Kötü amelin iyi amel üzerindeki bir başka etkisi o
amelleri etkisiz hale getirmesi veya sevabını yok etmesidir. Bu yüzden masum
imamlarımızdan şöyle rivayet edilmiştir:
"Ciddiyet gösterin, çalışın; hayır amel
yapmıyorsanız (bari) günah işlemeyin. Zira evini örmeye başlayıp da yıkmayan
kimsenin binası azda olsa yükselir ama bir yandan yapıp da bir yandan yıkan
kimsenin binası yükselmez tabi. " [viii]
Evet bir yandan iyi, bir yandan kötü işler yapan kimse
(ikisini de bir arada yürütmek isteyen kimse) bir yandan yapıp, bir yandan
yıkan kimseye benzer.
Bu yüzden Allah Resulü (s.a.a) şöyle buyurmuştur:
"Günahlardan kaçının; zira günahlar hayırları yok eder; (örneğin) bir kul
günah işler ve bu yüzden önceden öğrendiği ilmi unutur." [ix]
Evet muhtelif hadislerde günahların, nimetlerin elden
çıkmasına, hayır amellerin yok olmasına, rızkın kesilmesine, sağlığın
bozulmasına ve ömrün kısalmasına vesile olacağı vurgulanmıştır. Bazen bir günah
insanın yıllarca yaptığı amelleri yok edebilir. Evet bu aklen de örfen de
böyledir. Mesela yıllarca yapılan dikkat ve sağlığa gösterilen özen, insanın içtiği
bir kaşık zehirle son bulabilir. Bazen bir uygunsuz hareket veya çirkin bir söz
yıllarca süren ve pekişen bir dostluğu bitirebilir.

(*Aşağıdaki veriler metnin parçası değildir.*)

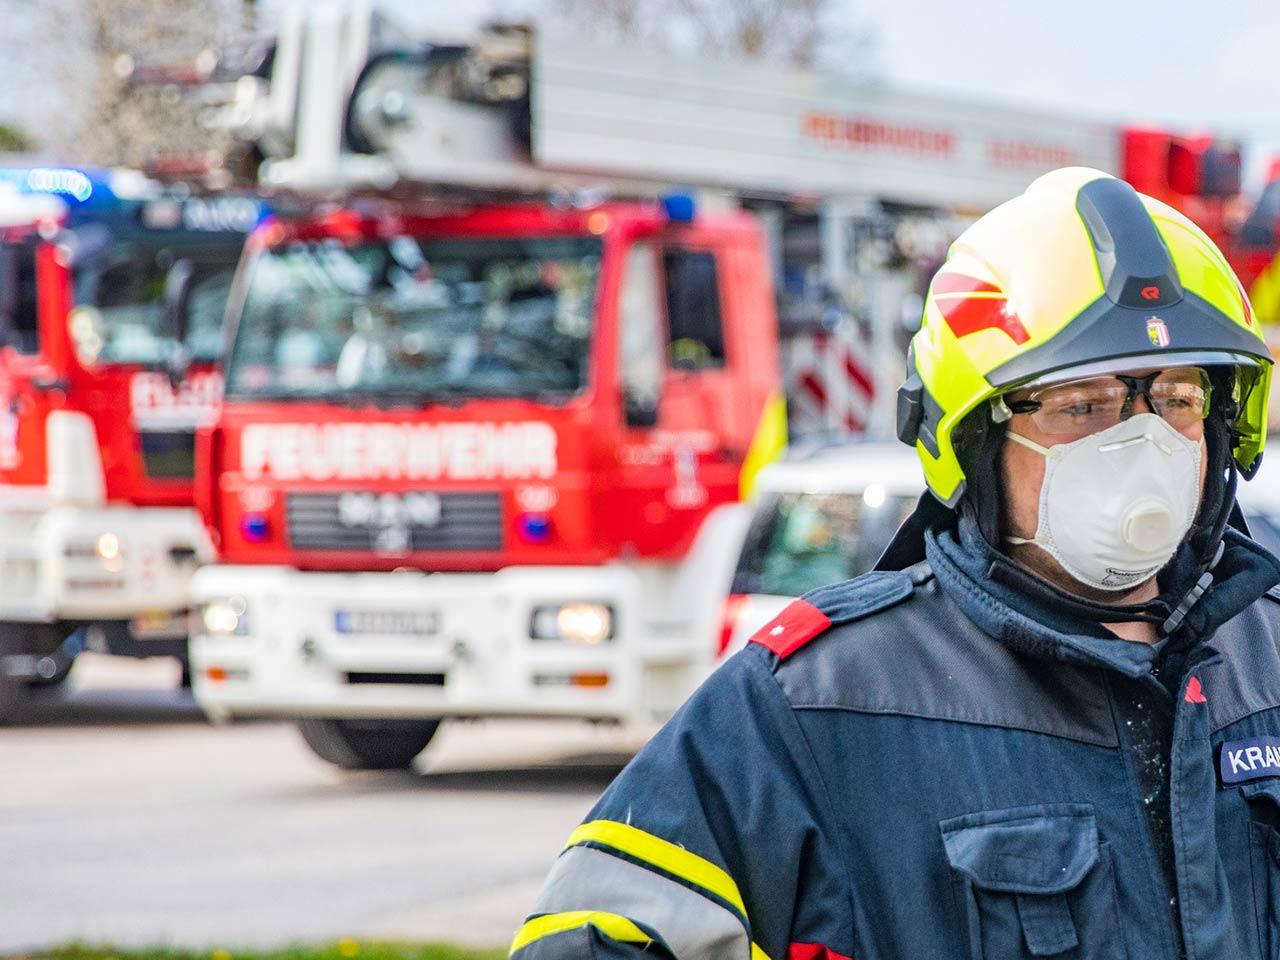 Fachempfehlung des VdF NRW zur Durchführung von Lehrgängen und Übungsdiensten Freiwilliger Feuerwehren während der fortdauernden Covid-19-Pandemie

Evet örnek olarak bu konuda bir iki hadisi vermekle
yetineceğiz.
Resul-i Ekrem (s.a.a) "Hased ve başkalarını kıskanmaktan
kaçının; zira ateş odunu yakıp kül ettiği gibi haset de iyilikleri yer
bitirir." [x]
Benzer bir tabir gıybet hakkında da kullanılmıştır. İmam
Cafer-i Sadık (a.s.) şöyle buyurmuştur: "Gıybet etmek her Müslüman'a
haramdır. Gıybet; ateş odunu yakıp kül ettiği gibi iyilikleri yiyip
bitirir." [xi]
Resul-i Ekrem (s.a.a) şöyle buyurmuştur: "Bir erkek
veya kadın Müslüman'ın gıybetini eden kimsenin Allah kırk gün ve gece, ne
namazını kabul eder, nede orucunu; gıybeti edilen kimse bağışlarsa o
başka." [xii]
Resul-i Ekrem (s.a.a)'den bir başka hadiste şöyle
nakletmiştir: "Sirke balı bozduğu gibi, gazap ve öfke de imanı bozup fasit
eder." [xiii]
Aslında bu bir gerçektir ki insan ne yaparsa onu bulur ve
ne ekerse onu biçer; ister bu dünyada ister ahirette. Kur'an-ı Kerim'in
ayetlerinde ve hadis-i şeriflerde de bu, en açık bir biçimde ifade
edilmektedir.
Örneğin aşağıdaki ayetler bu gerçeği açıkça beyan
etmektedir:
"Her kişi kendi kazanmakta olduklarının elinde
rehindir." (Tur: 21) Görüldüğü gibi insanın amelleri, insanı rehin alıp
elini ayağını bağlar; iyi olursa iyi yöne götürür onu, kötü olursa da
kötülüklere doğru yönlendirir ve iyi amel işlemesine engel olur.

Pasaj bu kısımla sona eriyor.